Rock

the Robot Construction Kit

Refining models - a leader/follower system

The result of this tutorial can be found in bundles/tutorials_scripts if you followed the instructions at the bottom of this page

Abstract

In this tutorial, you will learn one of the most important feature for model-based systems: how generic models can be refined. In object-oriented programming, this is more or less equivalent to subclassing.

This tutorial will guide through the process of:

  • changing the RockControl composition so that it can be adapted to the requirements of more complex motion control generators
  • how to transform a composition into a service, i.e. how to add ports to a composition

The leader-follower system

This tutorial will deploy a network in which:

  • one rock, controlled by the random motion generator, is a leader
  • another rock is following the first rock

The motion generator component for the follower is tut_follower::Task, included in Rock’s rock.tutorial package set.

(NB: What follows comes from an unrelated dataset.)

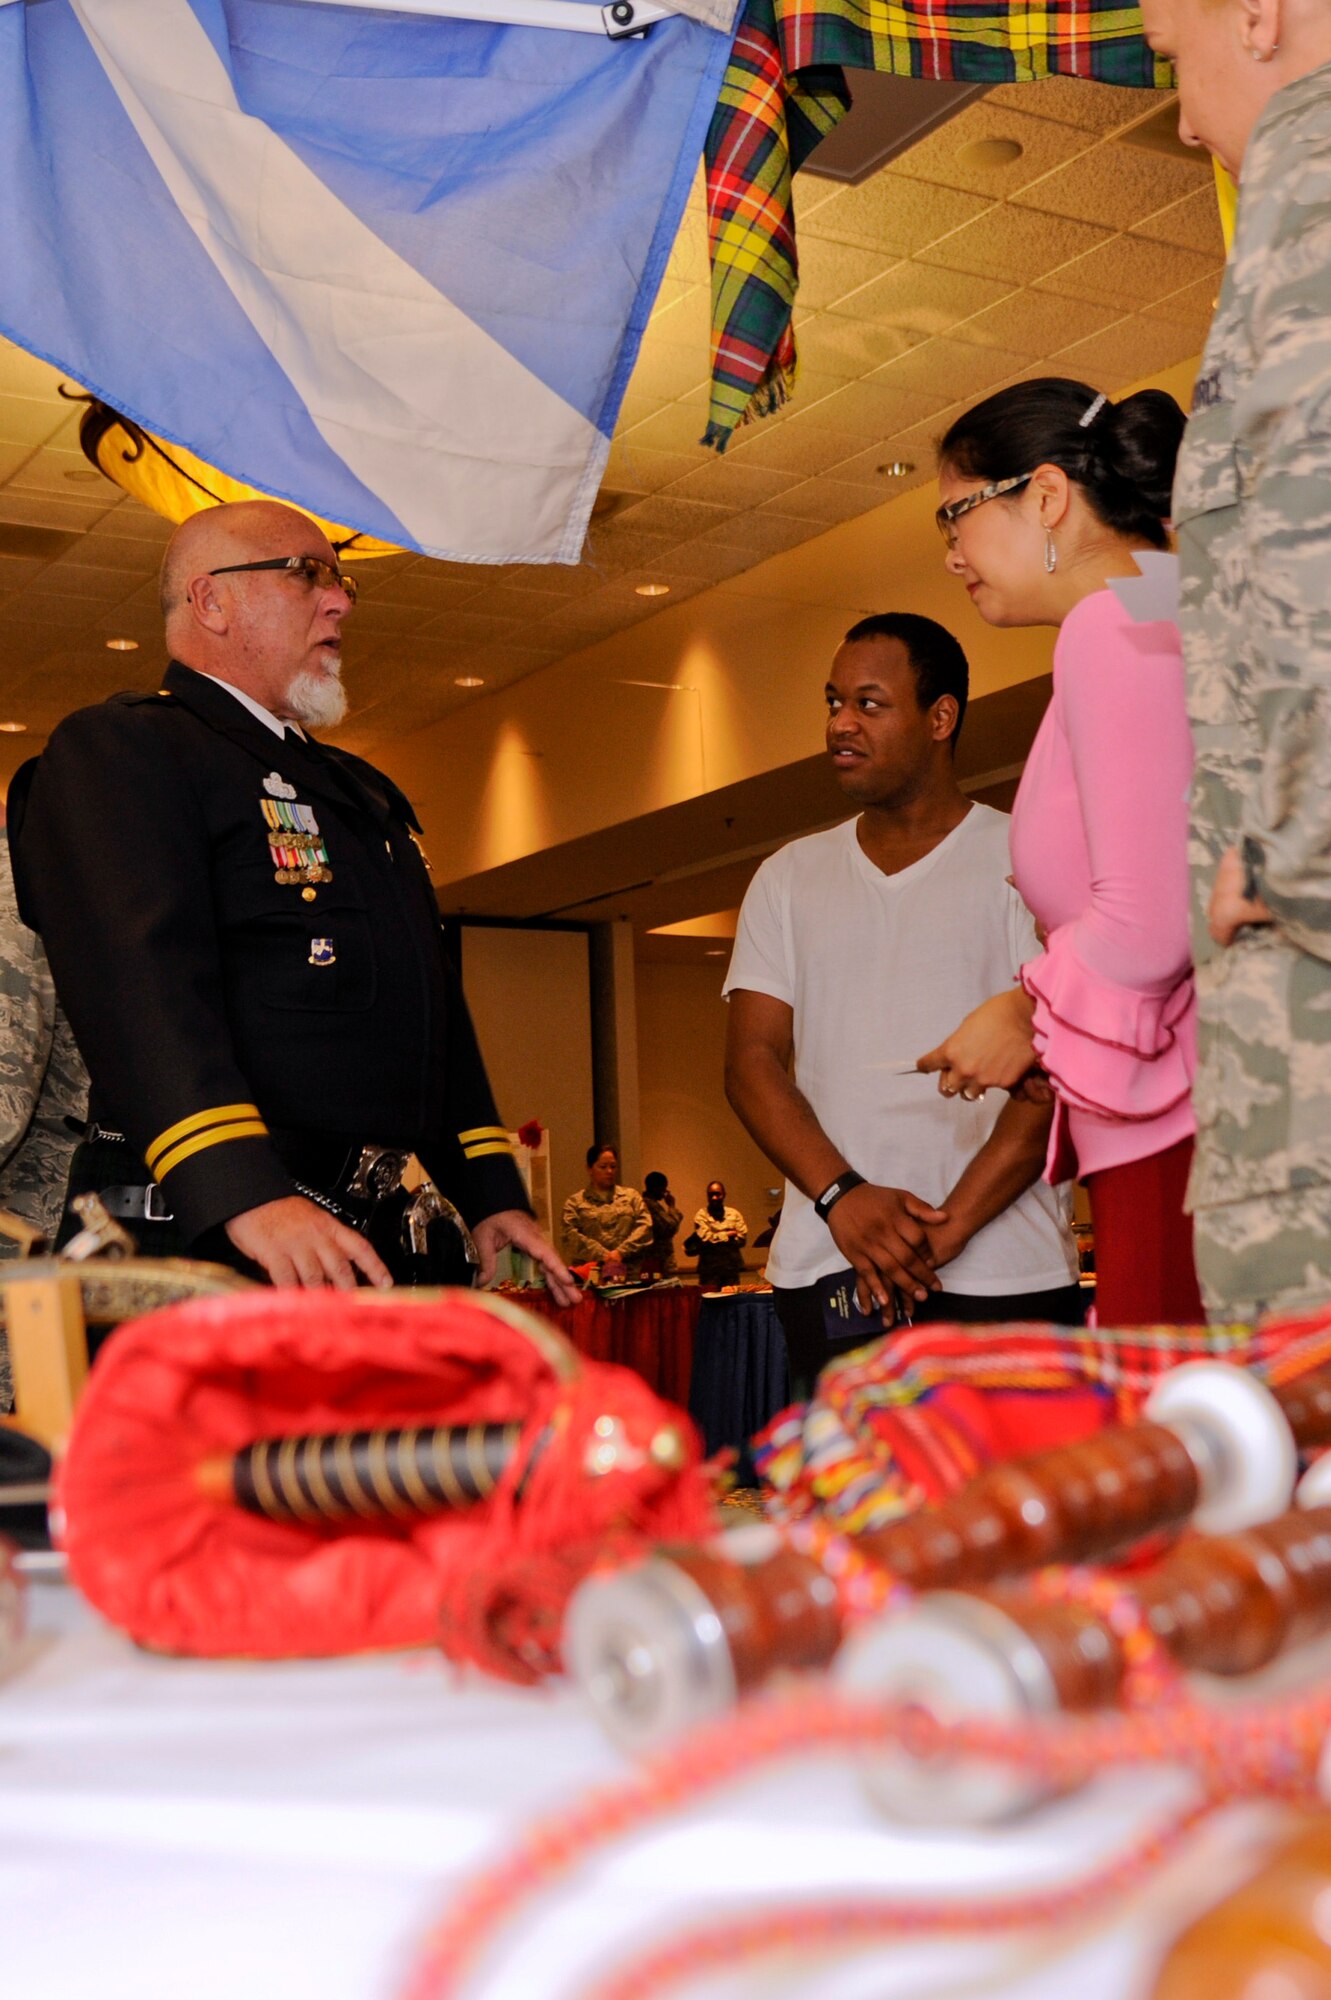 VANDENBERG AIR FORCE BASE, Calif. – Rickie Gable, 30th Space Wing anti-terrorism director, speaks about the Scottish culture at the Scotland booth during this year’s annual Cultural Diversity Day at the Pacific Coast Club here Wednesday, Aug. 21, 2013. Vandenberg’s Diversity Day combined all annual cultural observances into one gala event of food, music, dance and displays. (U.S. Air Force photo/Senior Airman Lael Huss)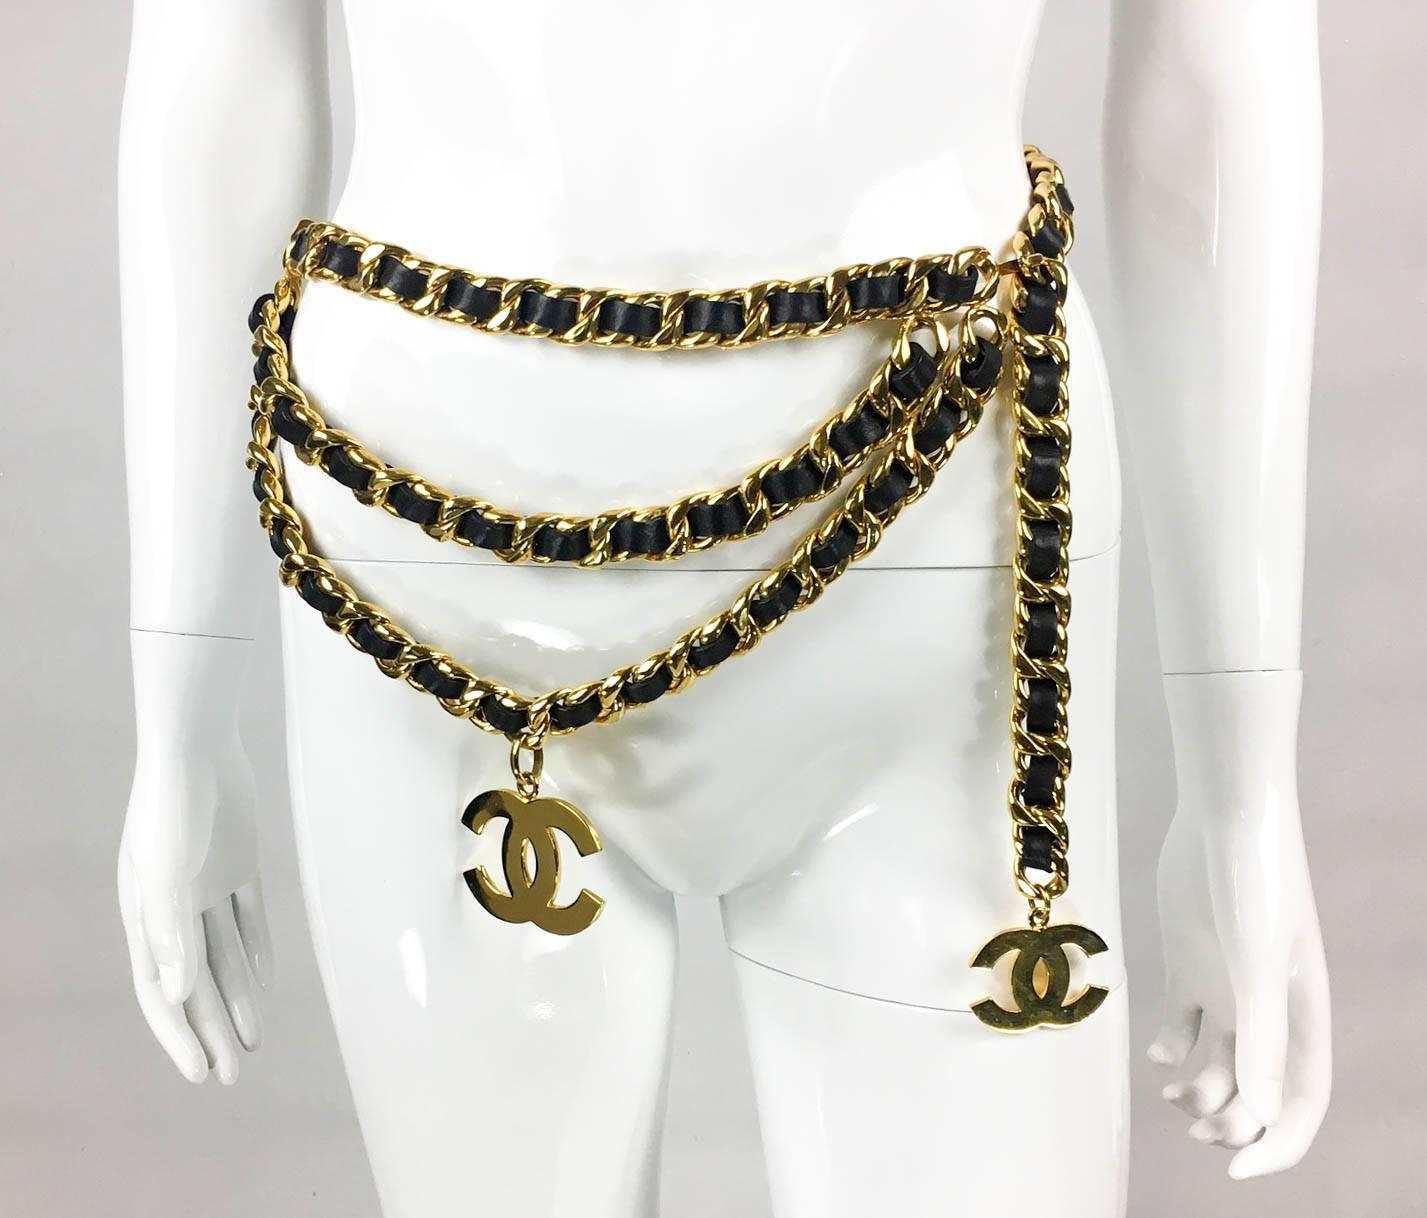 Chanel Vintage Runway Belt. This fabulous belt by Chanel made in gold-tone hardware and black leather dates back from 1992. The chunky chain is interwoven with black leather and features 2 iconic ‘CC’ Chanel logos. One chain goes around the waist,

It requires an additional sensor component, tut_sensor::Task, that ‘senses’ the bearing and distance to the target.

The goal will be to reuse the same base model ‘Tutorials::RockControl’ for both deployments. The idea behind reusing in this case is:

  • you might have a diagnostics routine that is able to monitor the movement of a rock regardless of what controls it. Attaching that diagnostics routine to the RockControl composition will be sufficient, as it will apply to all refinements of this model.
  • it simplifies the usage of the compositions, as one only has to remember the name of a composition (Tutorials::RockControl) and give an intent (‘run the composition with X or Y’) instead of having to remember N composition names.

Reusing Models

The first thing that we will learn in this page is how to reuse common models. This is critical: one does not want to recreate every single data service or composition each time a new robot needs to be integrated. Moreover, it gives functional definition of generic complex behaviours, i.e. “how to run this particular SLAM on a four-wheeled skid-steered robot” can very well become a (reusable / refinable) definition.

One bundle on which every other bundle depends by default is the Rock bundle. For simplicity reasons, we removed this dependency in the starting tutorial. Let’s undo this now, and check that we indeed are using the rock bundle using bundle-info:

# mv config/bundle-yml.bak config/bundle.yml
# bundle-info
Bundles[INFO]: Active bundles: tutorial, rock

This is going to break the joystick ! The reason is contained in the explanations on devices.

For our purposes here, we will want to have a data service that generates a pose (in particular, the poses of both our leader and follower). Let’s have a look at what is available. Open the Syskit model browser

# syskit browse

And look into the ‘Base’ entry. You will find there a Base::PoseSrv service that fits:

Sykit browse

At the top of the service’s description, note the

require 'rock/models/blueprints/pose'

This is the line that needs to be used to make this particular data service available (when required).

Specializations

In Syskit, refinements of a composition model can be created with specializations. Specializations can be seen as conditional application of changes on compositions.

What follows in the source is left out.